II
Amados hermanos míos: si de la Mancha pasamos, pues todo es España, a la Dirección de que era jefe D. Manuel, hallaremos un espectáculo no menos patriarcal. De su matrimonio con una de las hijas de D. Juan de Pipaón (que de Dios goza), había tenido D. Manuel siete criaturas. Descontando al hijo mayor, Joaquín Pez, de quien se hablará cuando le toque; descartando también a las dos señoritas de Pez, ya casaderas, quedaban cuatro pimpollos. Luis, de veintiséis años, tenía treinta mil reales en la Secretaría del Ministerio; Antoñito, de veintidós Navidades, gozaba veinticuatro en una Dirección limítrofe; Federico, de diez y nueve, se dignaba prestar sus servicios al lado del papá por la remuneración de catorce mil reales; Adolfito, de quince, había admitido un bollo de ocho mil entre los escribientes, y el gato..., no, el gato no había recibido aún la credencial; pero la recibiría en justo galardón de su celo persiguiendo a los ratoncillos que roían los papeles de la oficina.
No pasaremos adelante, por respeto al mismo Sr. de Pez, sin hacer una breve excursión al campo de la Aritmética. Es una observación o problema que el público ha formado muchas veces ante ciertas antítesis, que, a fuerza de repetirse, han llegado a sernos familiares. Cuando D. Manuel era Director, el boato de su familia igualaba al de una familia propietaria con quince o veinte mil duros de renta. El no tenía bienes raíces de ninguna clase, no estaba inscripto en el gran libro, no debía de tener tampoco economías. Sumando su sueldo con el sueldo de los pececillos, el total no alcanzaba, con las mermas del descuento, a seis mil duros. Problema: ¿por qué misteriosas alquimias pasaba esta cantidad para alimentar las siguientes partidas: casa de diez y ocho mil reales, buena mesa, estreno constante de ropa por todos los individuos de la familia, lujosos vestidos de baile para las niñas, landó, palco a primer turno al Teatro Real, excursiones a los otros teatros, viajes de verano, imprevistos, etc...? Aun suponiendo doble el activo por lo que D. Manuel percibía de algunas compañías de ferrocarriles, quedaba la mitad del gasto en el aire. Pero estos rompecabezas, que en tiempos pasados preocupaban algo a los vagos, amigos de averiguar vidas ajenas, ya, por ser de todos los momentos, han llegado a parecer cosa natural y corriente. Familiarizada la sociedad con su lepra, ya ni siquiera se rasca, porque ya no le escuece.

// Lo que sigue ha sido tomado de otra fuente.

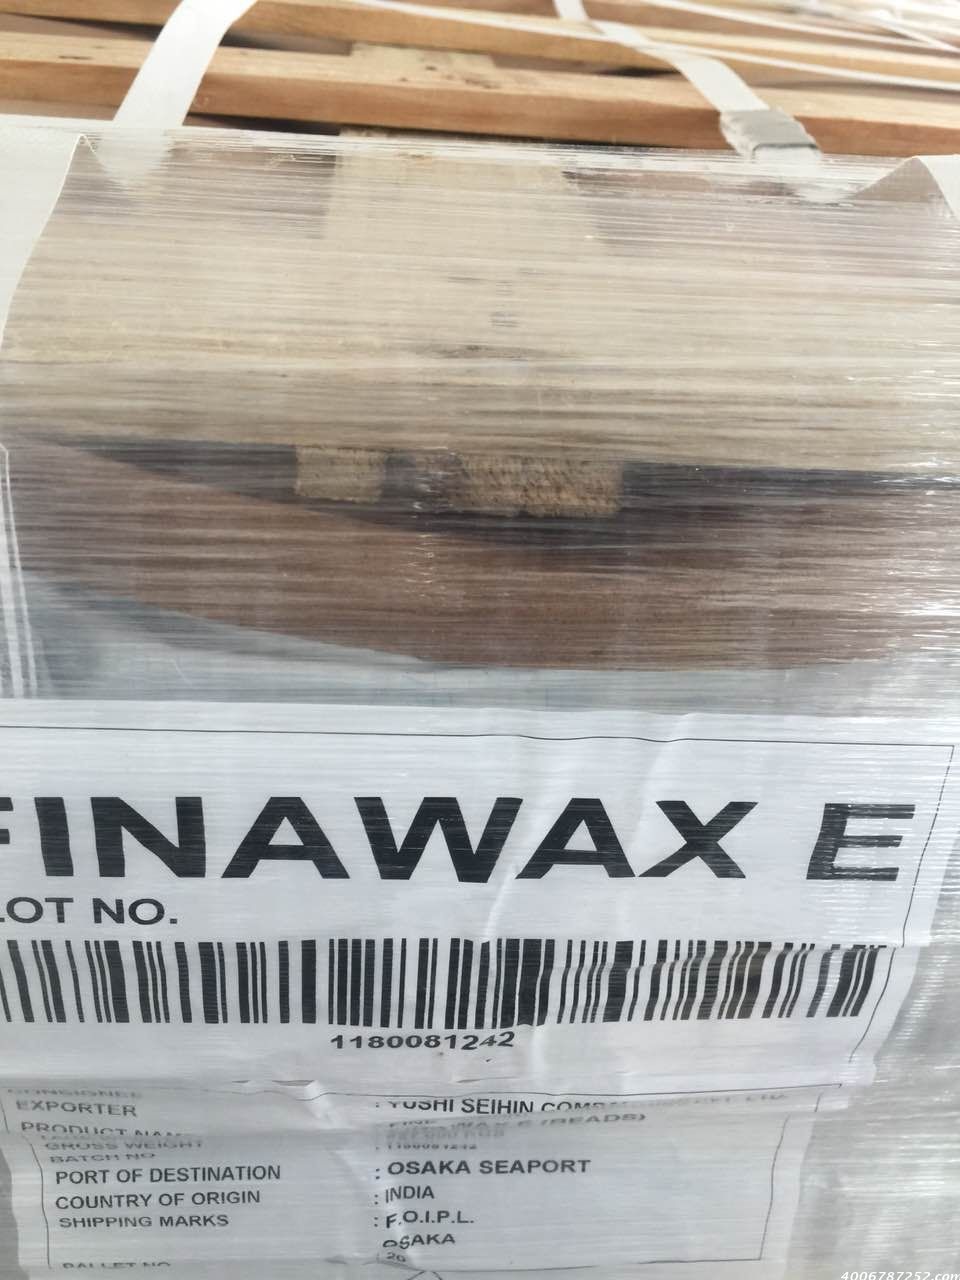 印度芥酸酰胺FINAWAX-E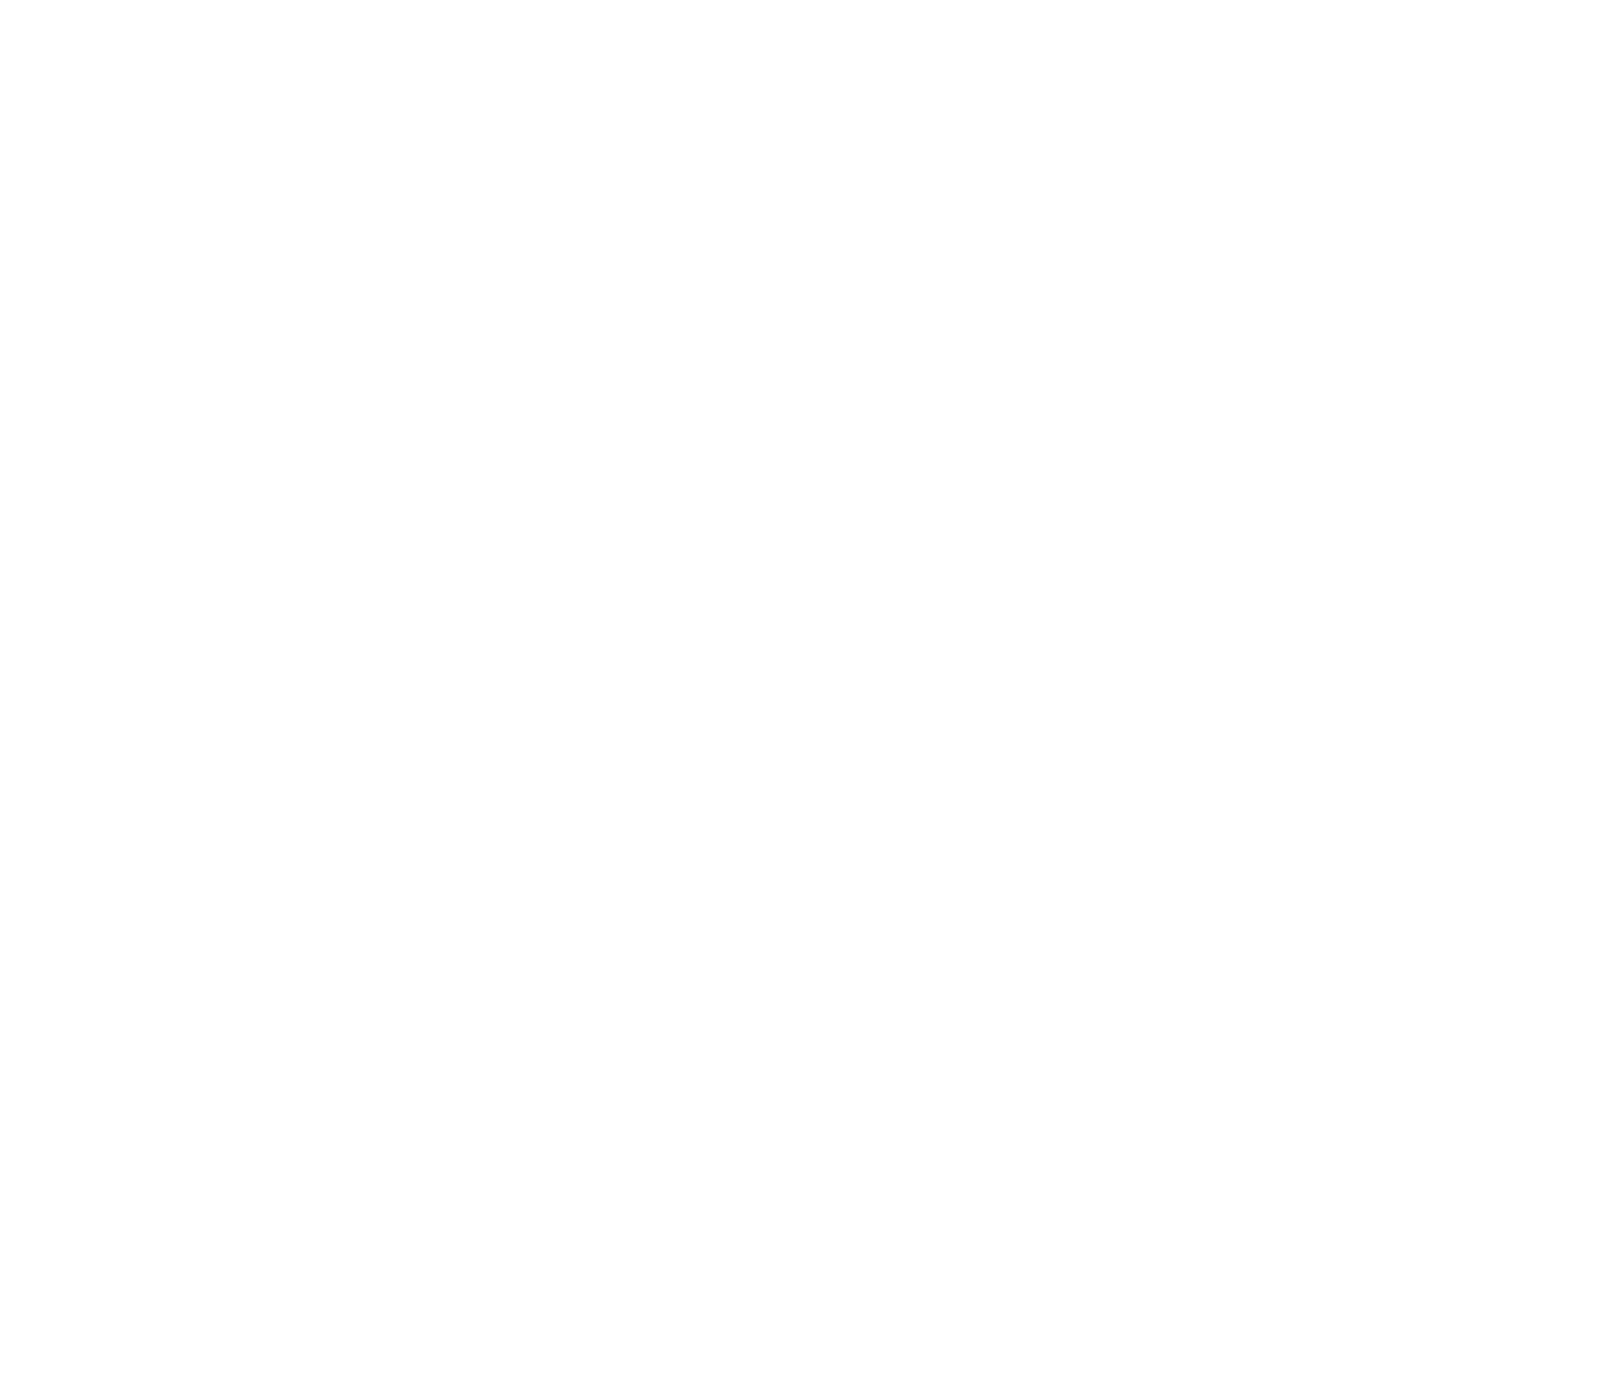 Hi, I'm Day

Introduzcámonos en el hogar Pez; nademos un momento en el agua de esta redoma de felicidad, donde brillan las escamas de plata y oro de este matrimonio dichoso, y de esta prole dichosísima. Los tiempos eran prósperos. Tocaba entonces estar arriba. El árbol fecundísimo del poder protegía con su plácida sombra a la familia. Bastaba alargar la mano para coger sus sabrosas frutas. El aroma de sus flores embriagaba. De situación tan bella procedía en todos aquel deseo febril de goces y el delirio de llamar la atención, de parecer mucho más de lo que realmente eran. La señora de Pez ya no aspiraba simplemente a que sus hijas casasen con hombres ricos y decentes. No; sus yernos habían de ser millonarios, y además, duques, o cuando menos, marqueses; ellas mismas (dañadas ya sus inocentes almas por la fatuidad) habían hecho suyas las ideas de su endiosada mamá, y aún iban más lejos, y soñaban con príncipes, ¿por qué no con reyes?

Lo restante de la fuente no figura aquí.